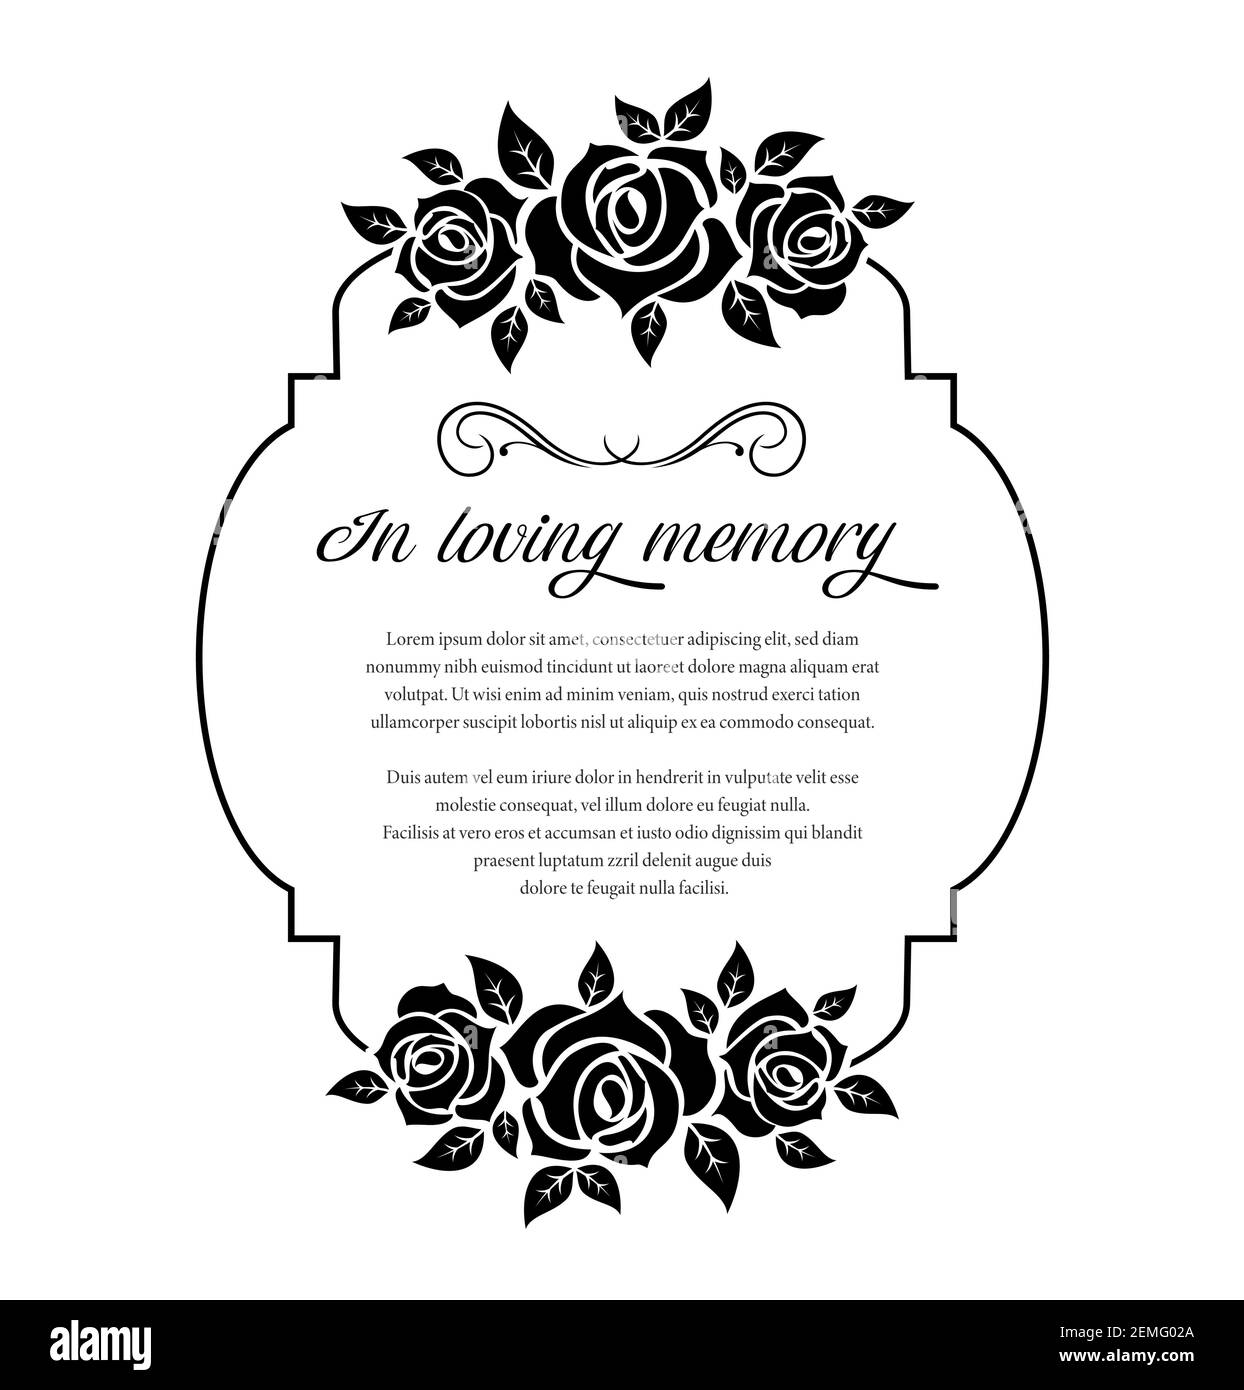 Carte funéraire, vecteur vintage condoléances fleurs roses
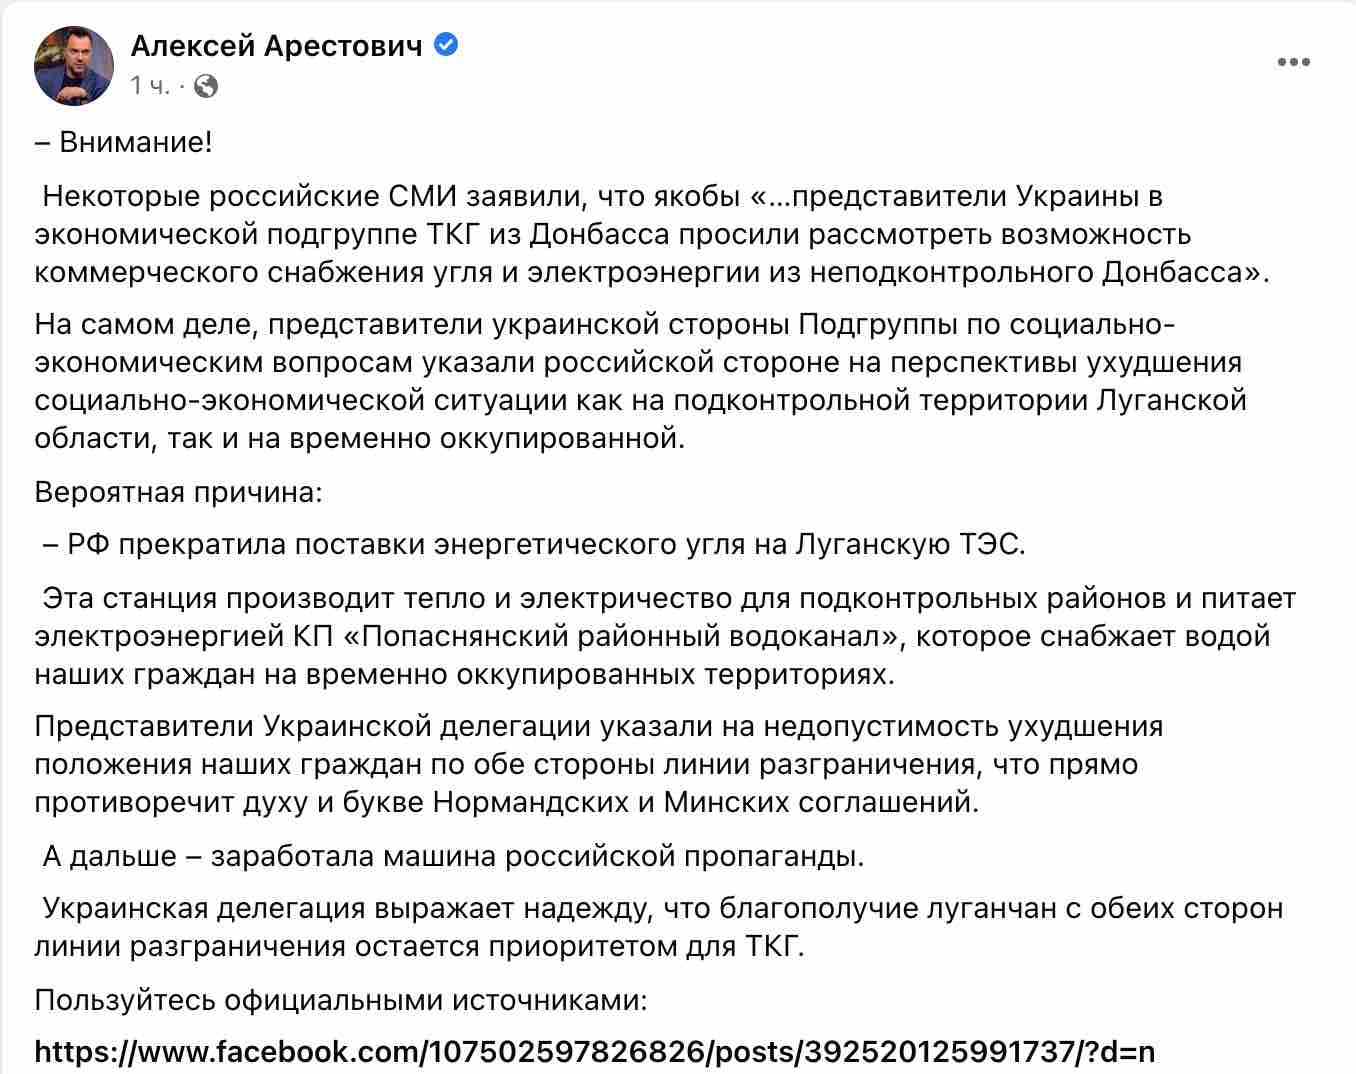 РосЗМІ розповсюджують фейк: Україна нібито попросила про постачання вугілля з ОРДЛО – Арестович
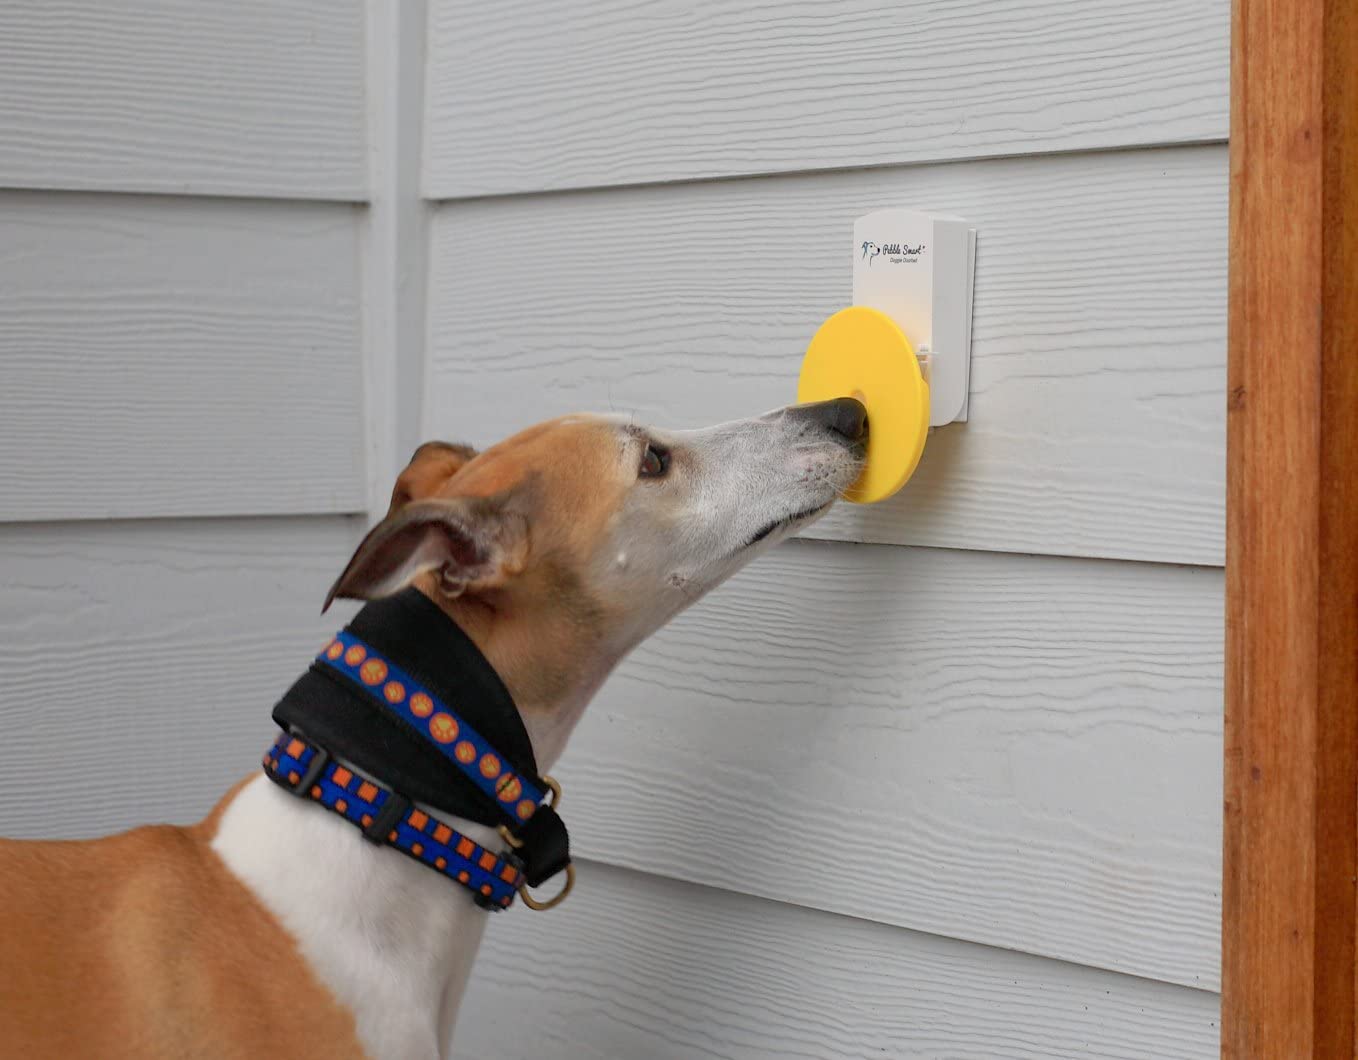 Pebble Smart Doggie Doorbell

☆ ☆ ☆ ☆ ☆

**Exercise instructions:** Return the material as it stands. Leave out the pictures.

**Result for this task:**
 Carte funéraire, vecteur vintage condoléances fleurs roses
 РосЗМІ розповсюджують фейк: Україна нібито попросила про постачання вугілля з ОРДЛО – Арестович
 Pebble Smart Doggie Doorbell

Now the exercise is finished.